== Segment start ==

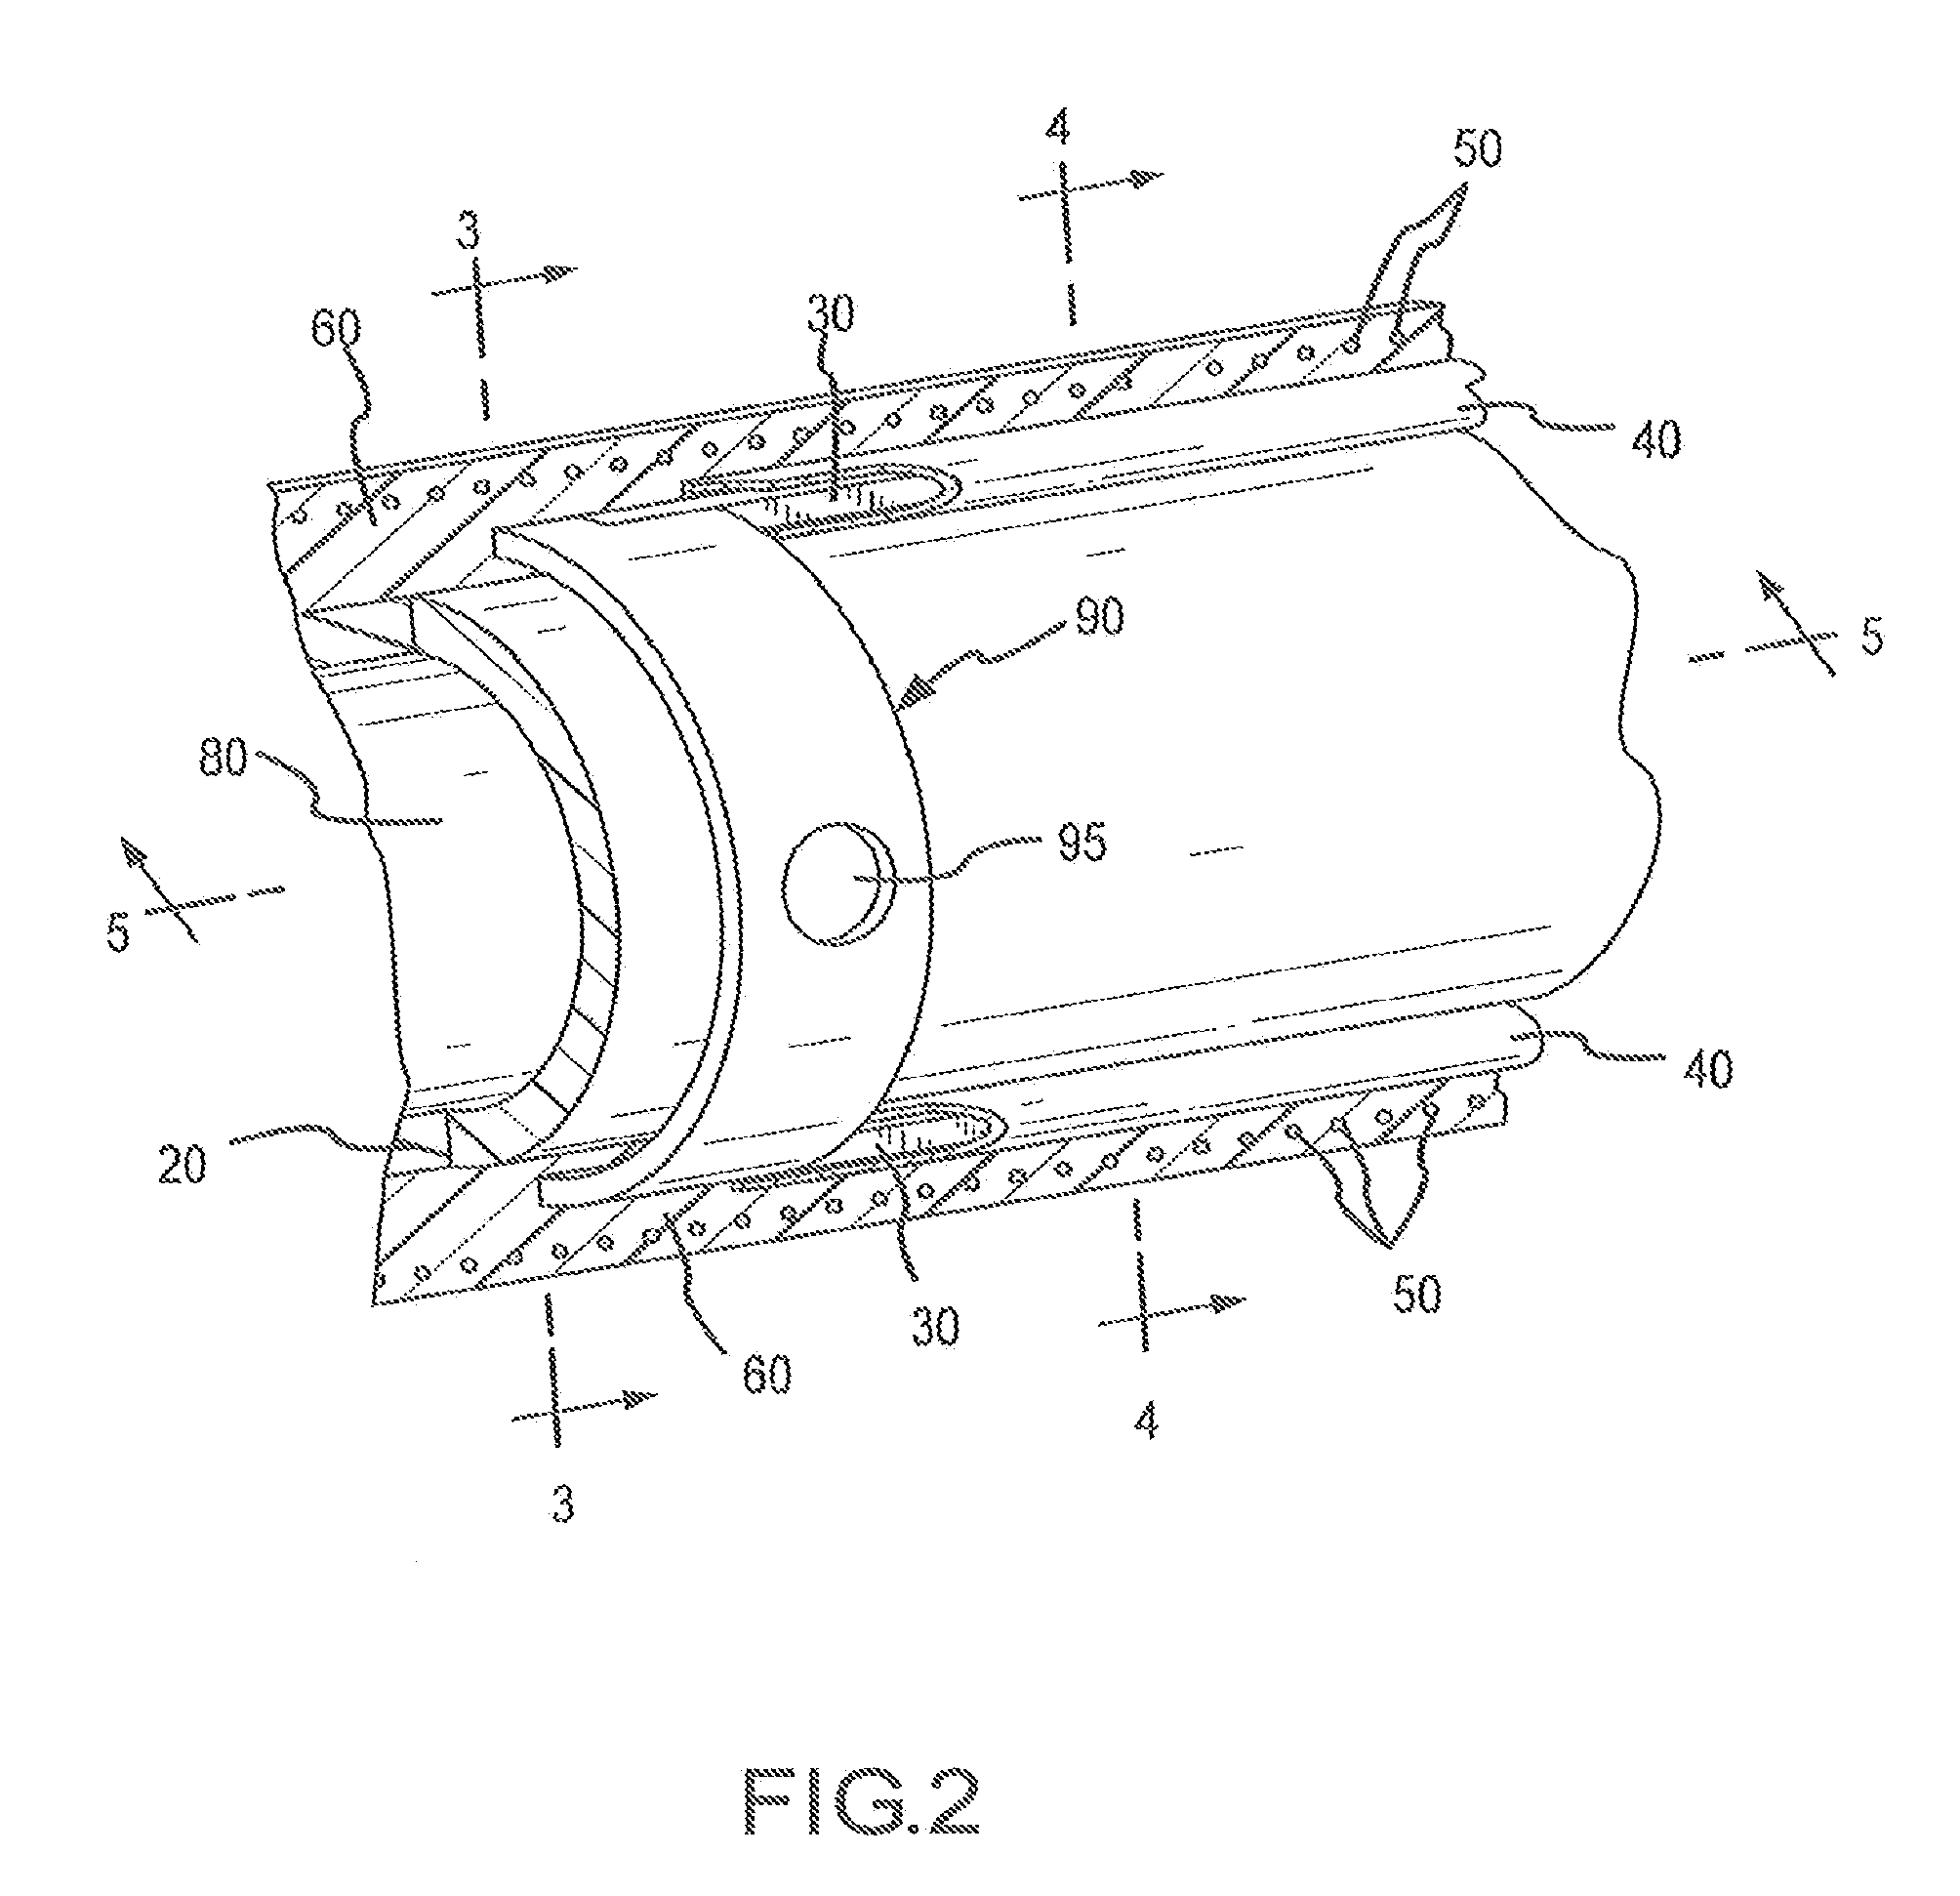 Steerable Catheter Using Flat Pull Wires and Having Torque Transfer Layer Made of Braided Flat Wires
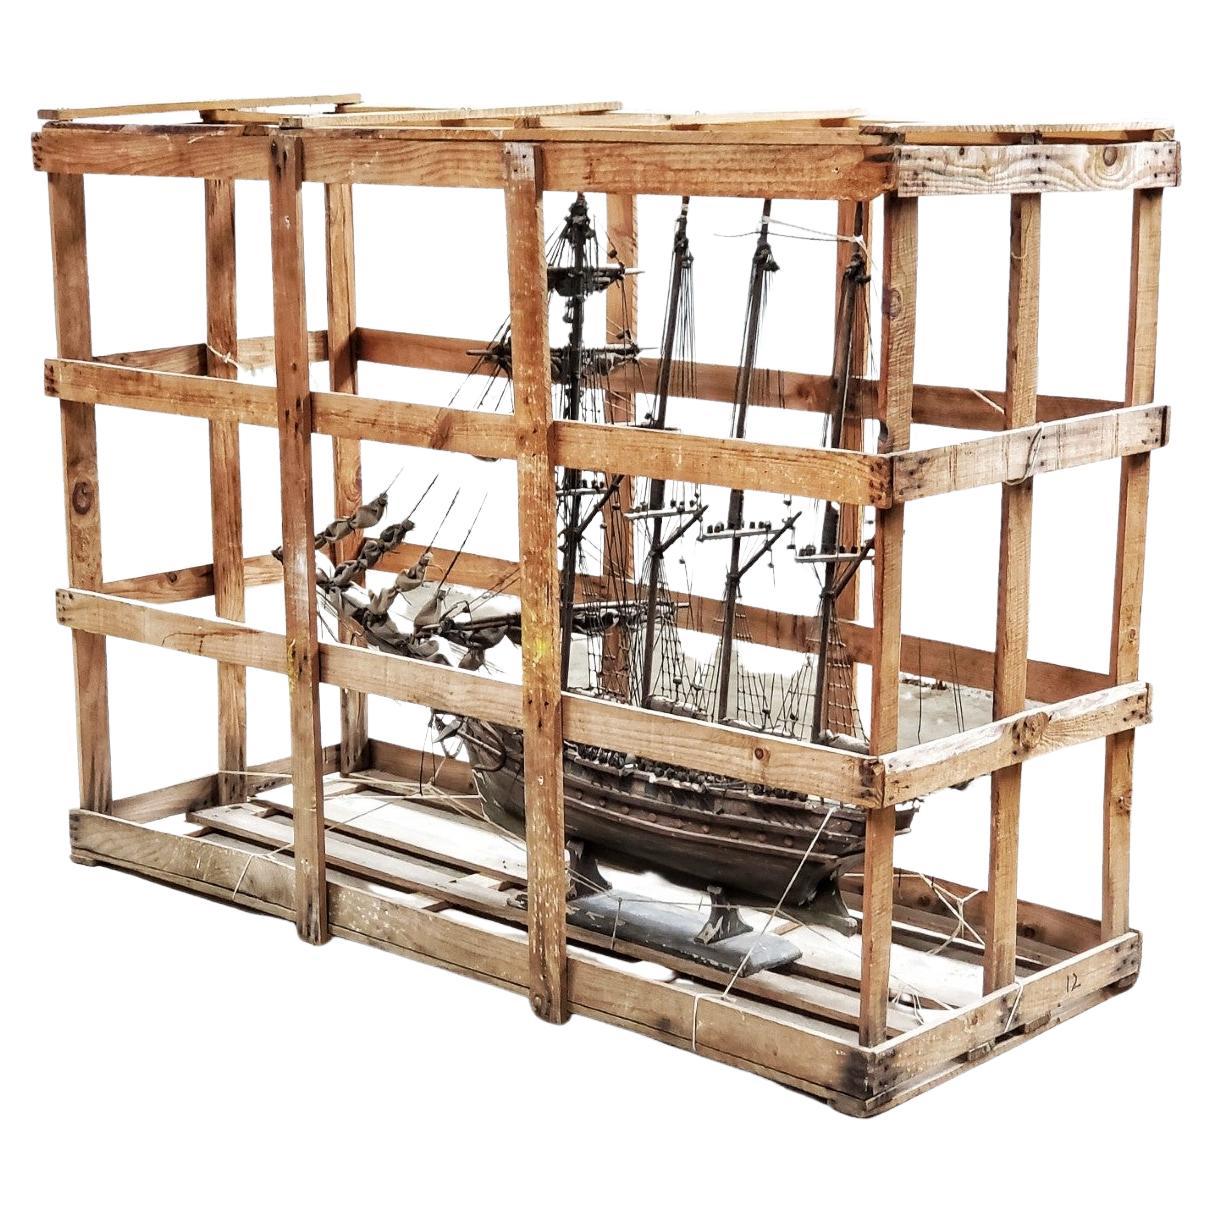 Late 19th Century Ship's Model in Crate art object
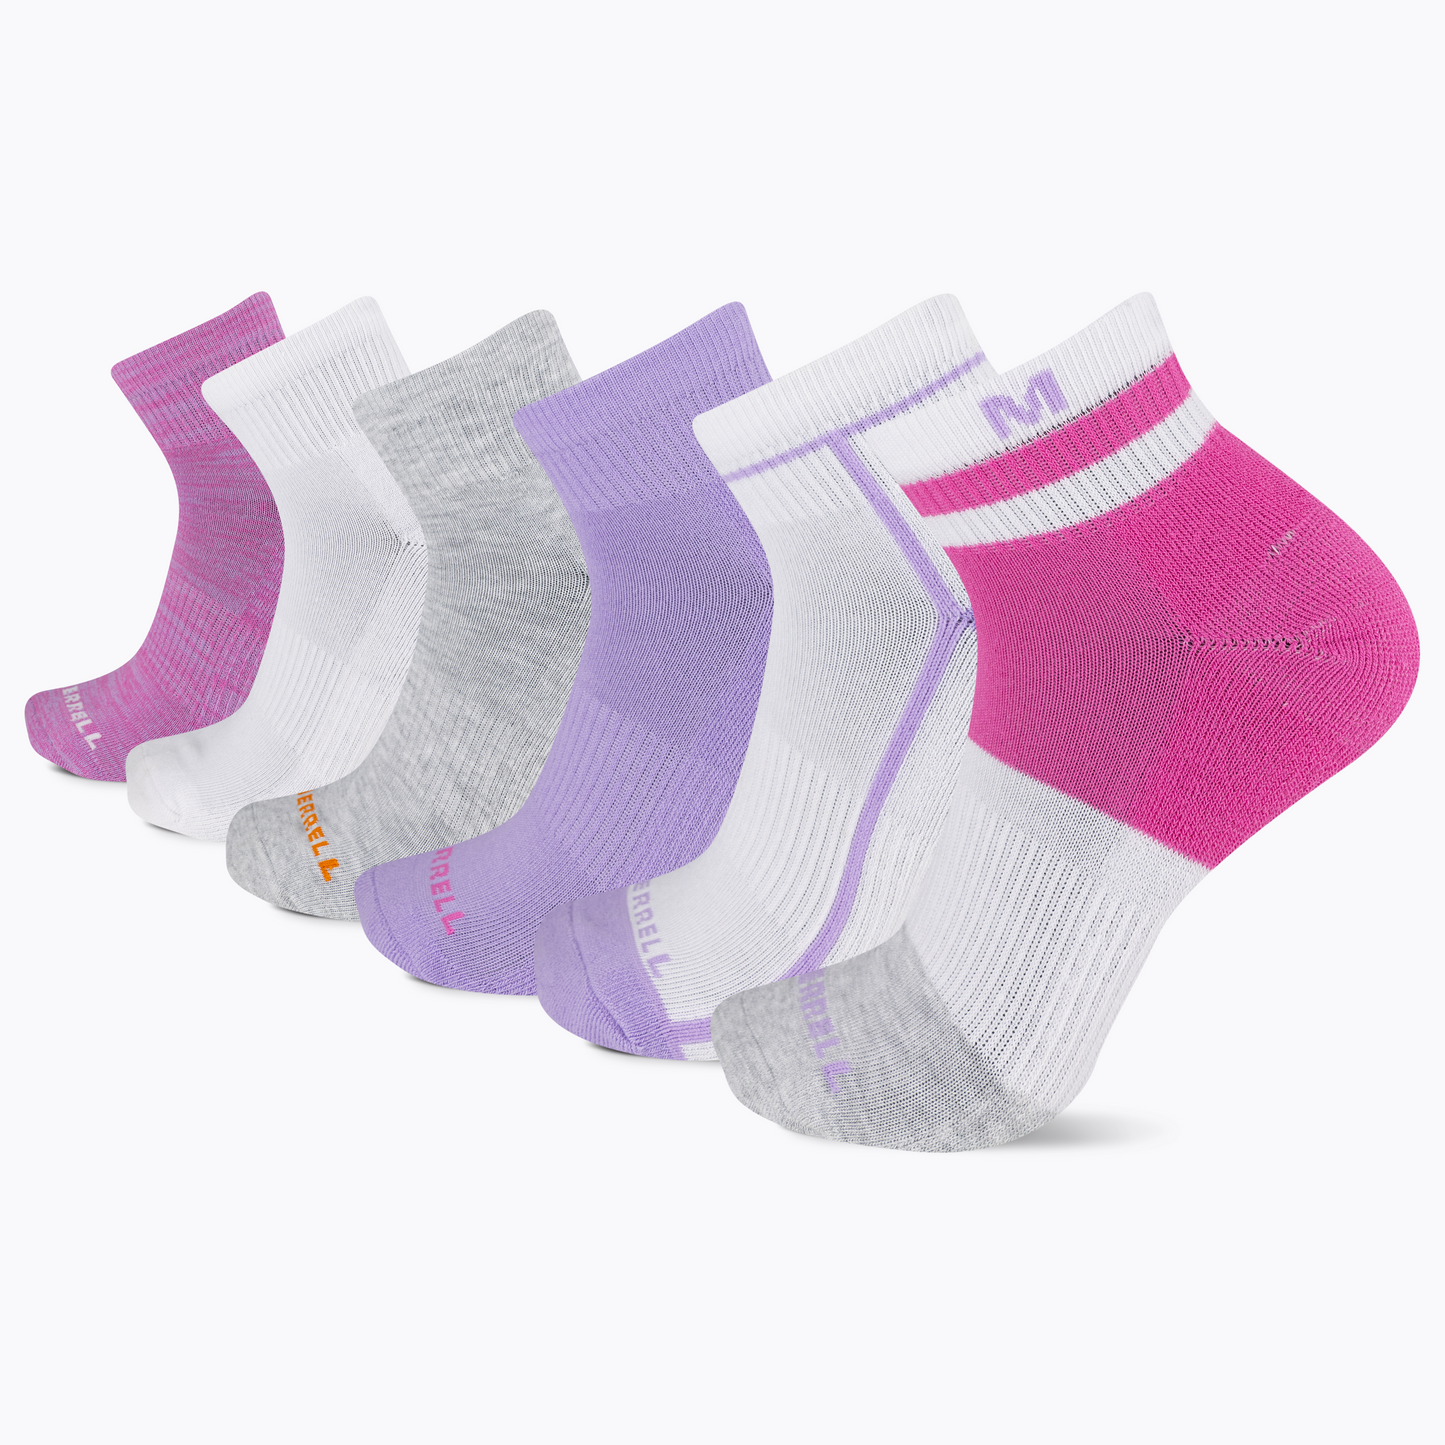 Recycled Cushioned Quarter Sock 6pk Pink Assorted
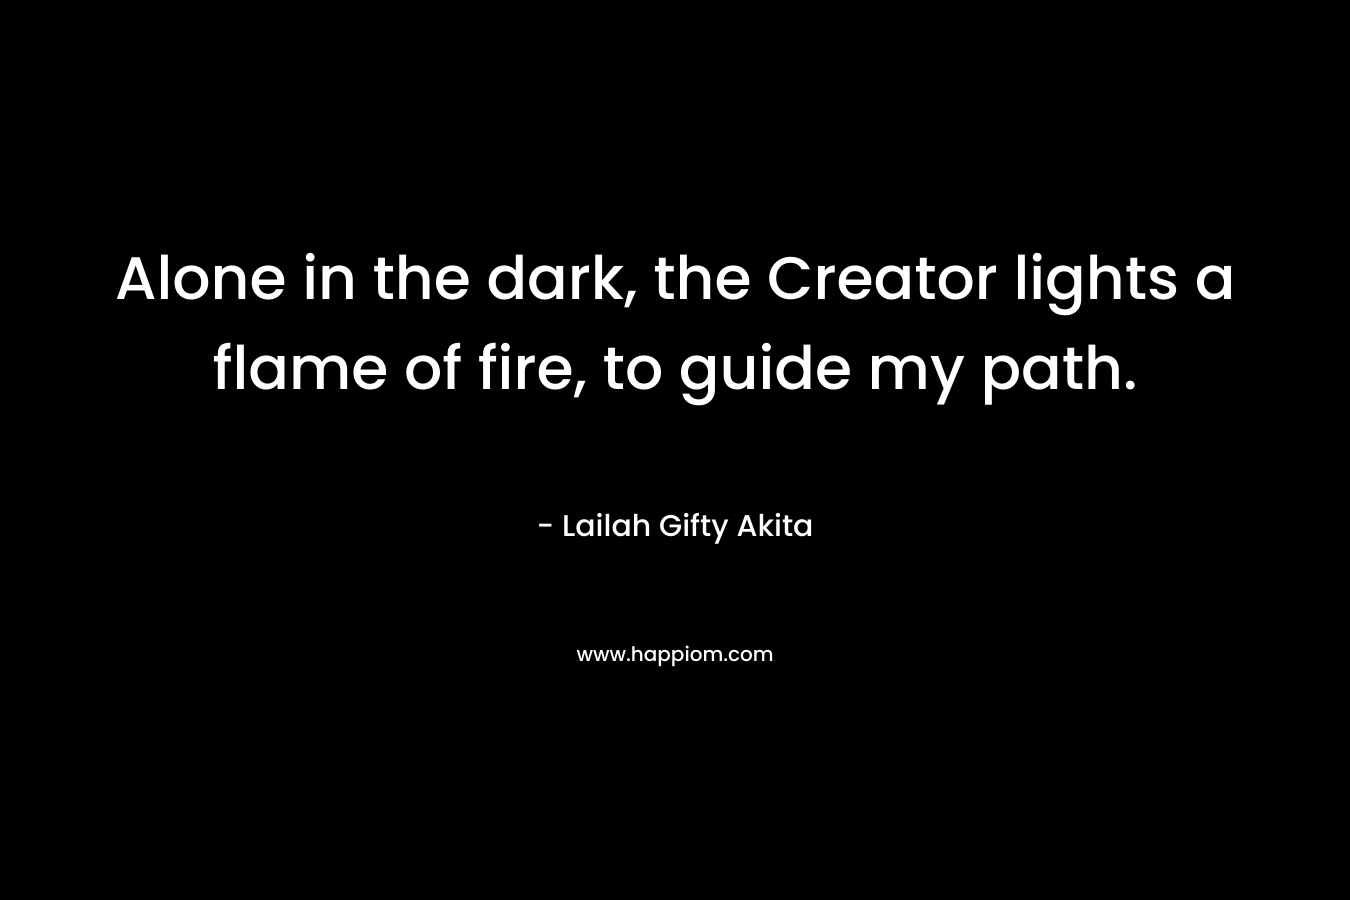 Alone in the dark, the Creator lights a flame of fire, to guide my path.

== Segment end ==

*ACTIVITY:*
Please transcribe exactly the lines from the one containing "Recycled Cushioned Quarter" through the final line of the data, including both, and nothing else. Pictures are to be left out.

*EXERCISE SOLUTION:*
 Recycled Cushioned Quarter Sock 6pk Pink Assorted
 Alone in the dark, the Creator lights a flame of fire, to guide my path.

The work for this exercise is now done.